A few years ago, retired Gen. Bernard A. Schriever, the godfather of military space, issued a warning: America’s superiority in space, the cornerstone of US military power, was not secure. “We have almost no means to deny usage of space to an adversary,” said Schriever, “let alone protect our own usage.”
To Schriever, the problem was not so much technical as political. Washington, he said, kept letting arms control get in the way of vital Pentagon “space control” programs.
That was in 2000. Four years have passed, and the pursuit of space-related weapons—even defensive ones—still faces ferocious opposition. Critics say it will spark a ruinously expensive arms race, upset nuclear stability, and so forth.
Things look different, though, to the Air Force, which operates most US military space systems and controls 90 percent of the DOD space budget. USAF officials say space systems are vulnerable to disruption, and adversaries are learning to exploit space to their own advantage.
“It’s my belief that we can no longer view space as benign or a sanctuary,” summed up Gen. Lance W. Lord, commander of Air Force Space Command, Peterson AFB, Colo.
It is a view that appears more and more in Air Force studies, particularly in Space Command’s “Strategic Master Plan,” a paper that places unprecedented emphasis on the need for “counterspace” capabilities.
This is not really surprising. America’s military has come to depend on space to an extent few would have thought possible. In the Iraq war, US forces used 50 satellites for surveillance, communications, navigation, warning, and weather forecasting.

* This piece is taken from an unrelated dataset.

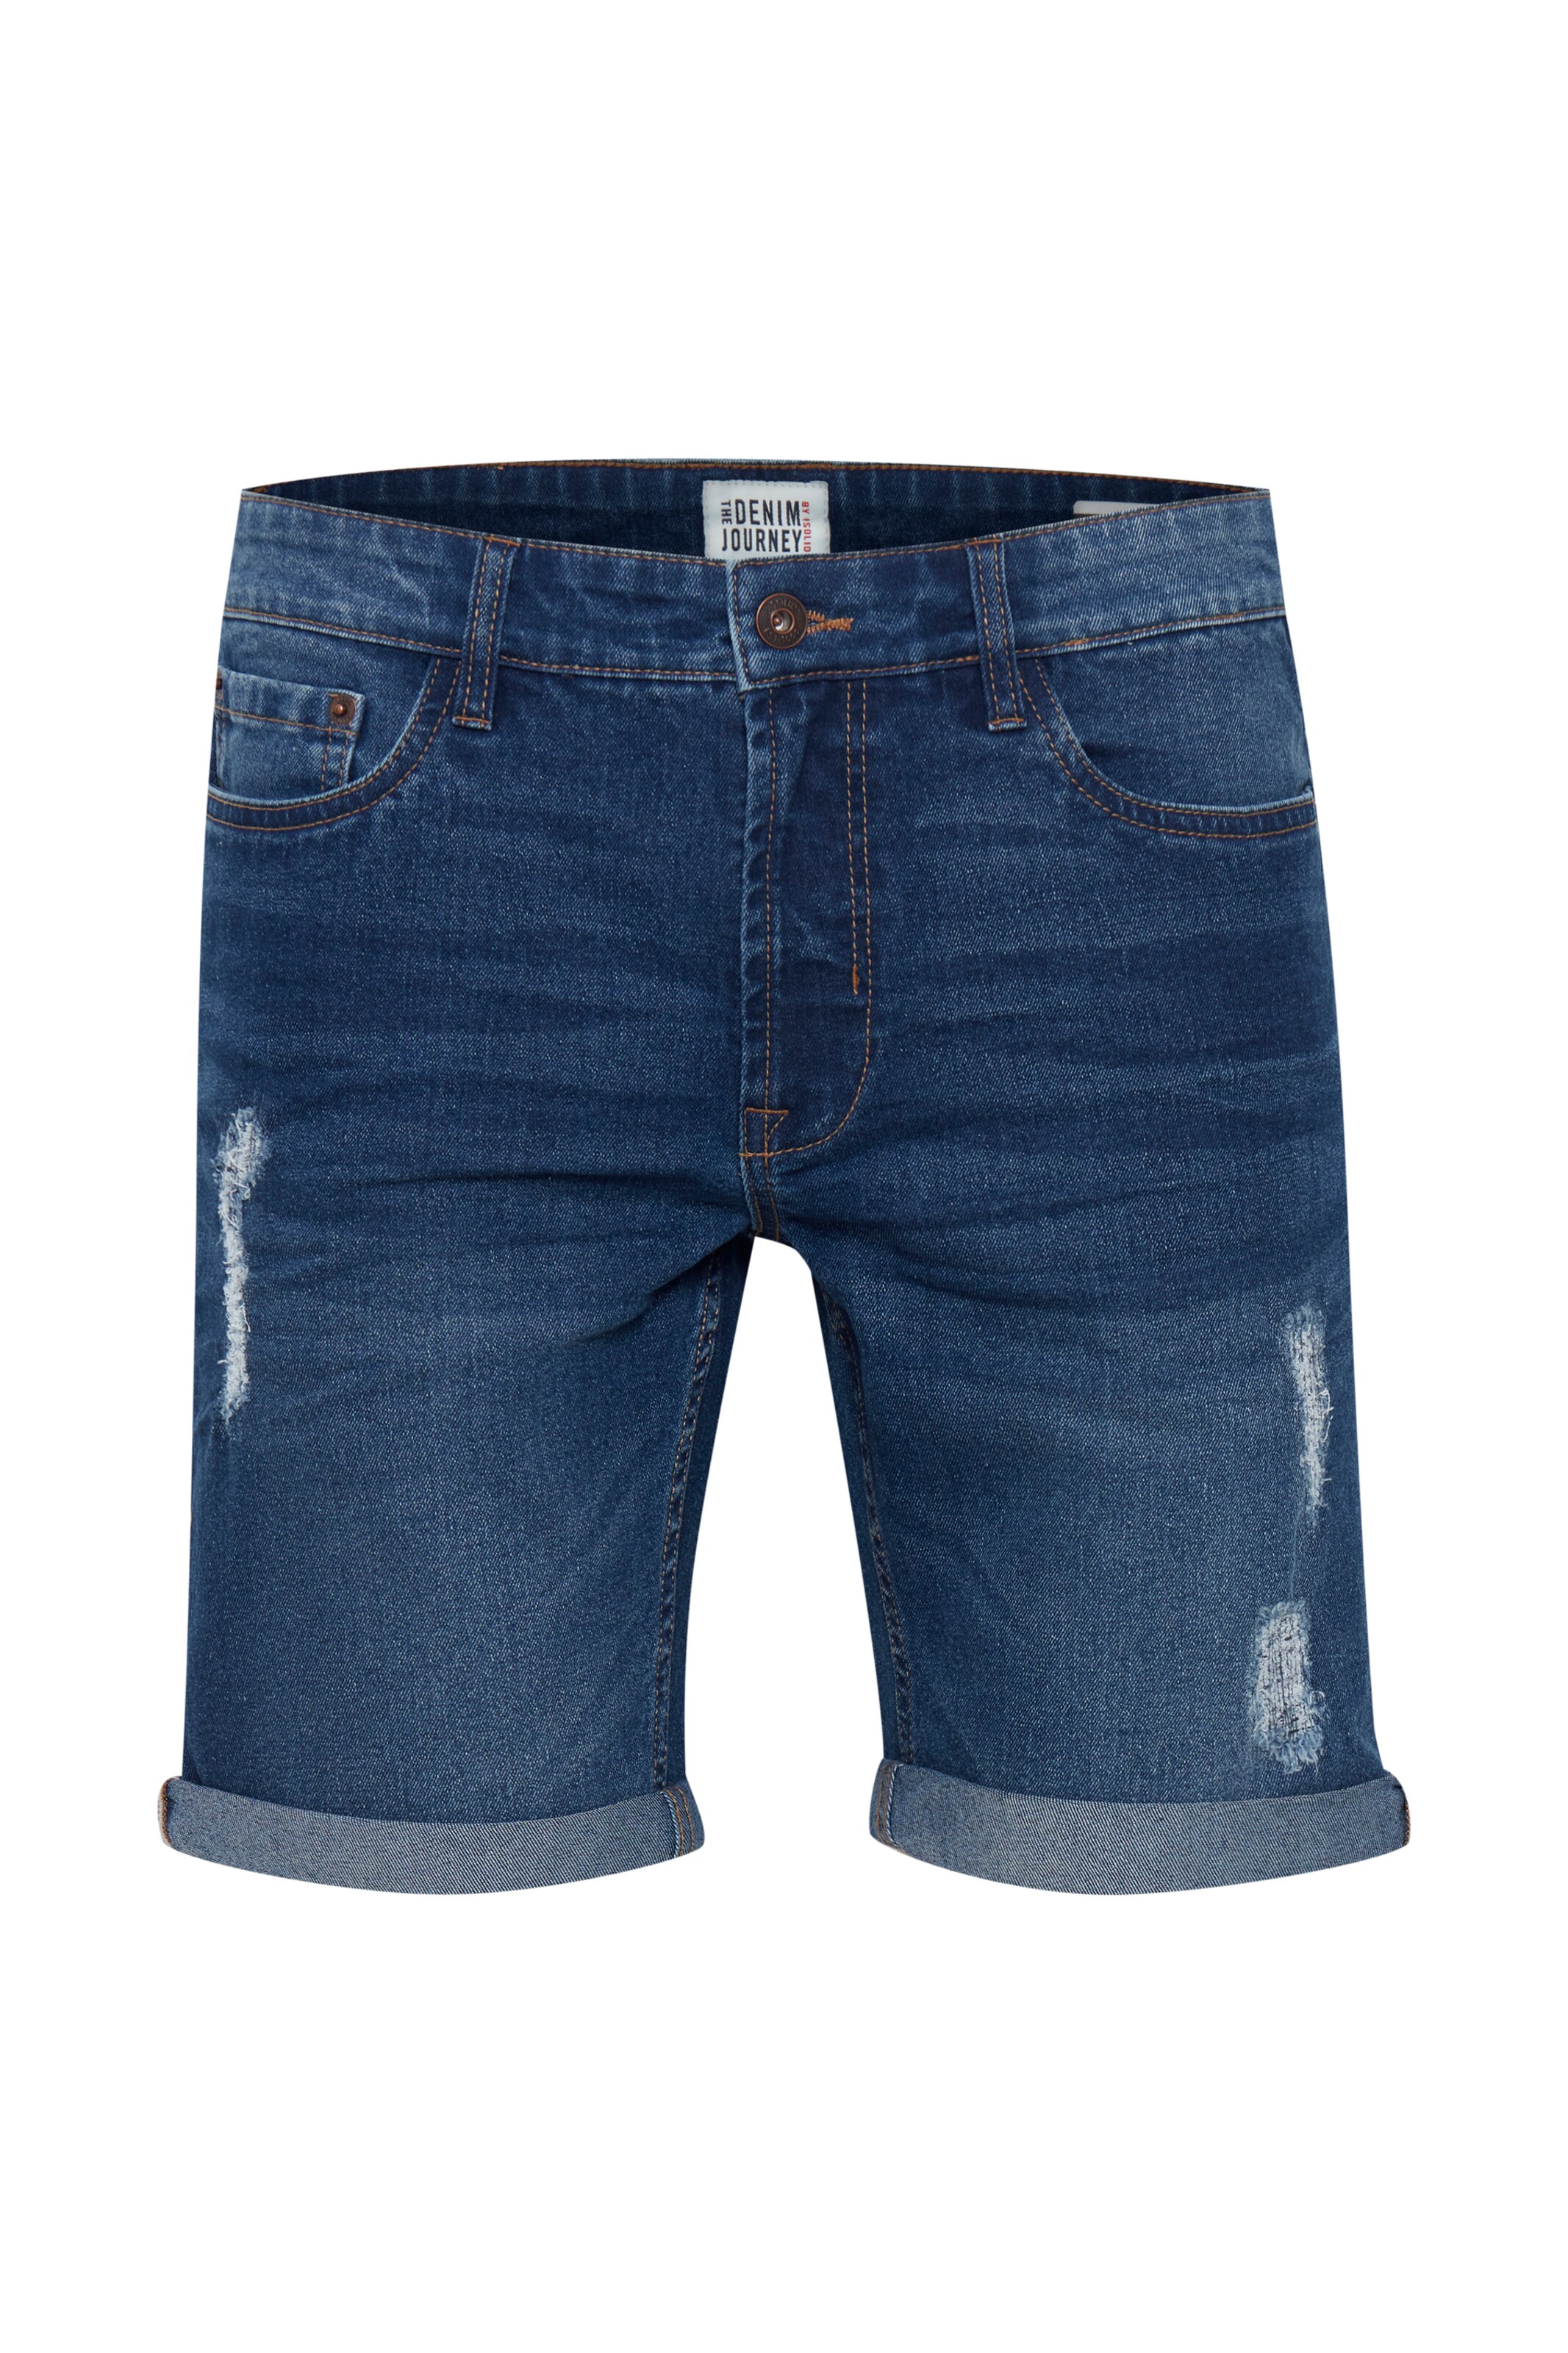 SOLID JOY SLIM Fit Grey Jeans. The Denim Journey. W32 - L32. £5.00 -  PicClick UK

The value of US space assets has not escaped the notice of our adversaries, who now see them as attractive targets. The peril is spelled out in two classified studies, “Threats to US Space Systems and Operations Over the Next 10 Years” and the “Interim Space Capstone Threat Capabilities Assessment.” Evidently, they make for somber reading. To quote Space Command: “We cannot expect to continue to have unchallenged access to our space capabilities.”
Indeed, such challenges have begun. In Gulf War II, Iraq tried—unsuccessfully—to jam the GPS signals in hopes of snarling the guidance of US precision weapons.
In the future, Space Command will need to do more than prevent such interference. It must also keep adversaries from using space against US forces. Commercial satellite firms produce a flood of quality images and other capabilities, which are now available to almost anyone.
The Air Force is approaching the counterspace problem on three fronts.
The nation’s Space Surveillance Network comprises older ground-based radars and optical sensors, one space-based sensor, and a control center. It is “less than adequate,” says USAF.
Space Command would upgrade some of these systems. It also envisons a Space Based Space Surveillance system—a constellation in low Earth orbit that would track objects using optical sensors—and an Orbital Deep Space Imager system whose powerful sensors would provide detailed images of space objects.
USAF is undertaking numerous projects to address a range of threats: computer hackers that take over a satellite’s controls, lasers that blind delicate sensors, satellites that destroy others, radio transmissions that interfere with command links, and high-altitude nuclear blasts that would fry satellite components.
Space Command is updating defensive tactics, techniques, and procedures. These could include moving a satellite to avoid a crash with a hostile craft or closing apertures to prevent damage. All future spacecraft will be equipped with countermeasures. Off-board systems could help defend spacecraft, too.
Also on tap is a new ground-based Rapid Attack Identification, Detection, and Reporting System—“RAIDRS”—to analyze satellite data and characterize attacks.
USAF is developing a small, mobile, ground-based system able to temporarily incapacitate a satellite’s communications. A second system would be built to disrupt the workings of a surveillance and reconnaissance craft.
Such systems would cause no permanent damage. At present, there is scant public discussion of destructive antisatellite systems. The Air Force tested such a system in the 1980s.
According to Space Command, no formal US policies prevent development of counterspace capabilities. The major question, as Schriever pointed out, concerns political will.
Unless the US makes a course correction, it will, at some point, probably suffer a serious attack on its assets in space, one that would hamper its military operations. Seen in that light, USAF’s space proposals seem not only sensible but restrained.
The Bush Administration and Congress need to get on with the task of funding these projects so that airmen can do their work. They have no doubts about their mission.
“We understand our first role as airmen is to gain and maintain air superiority,” said Lord. “Space is no different. Space superiority is our mandate.”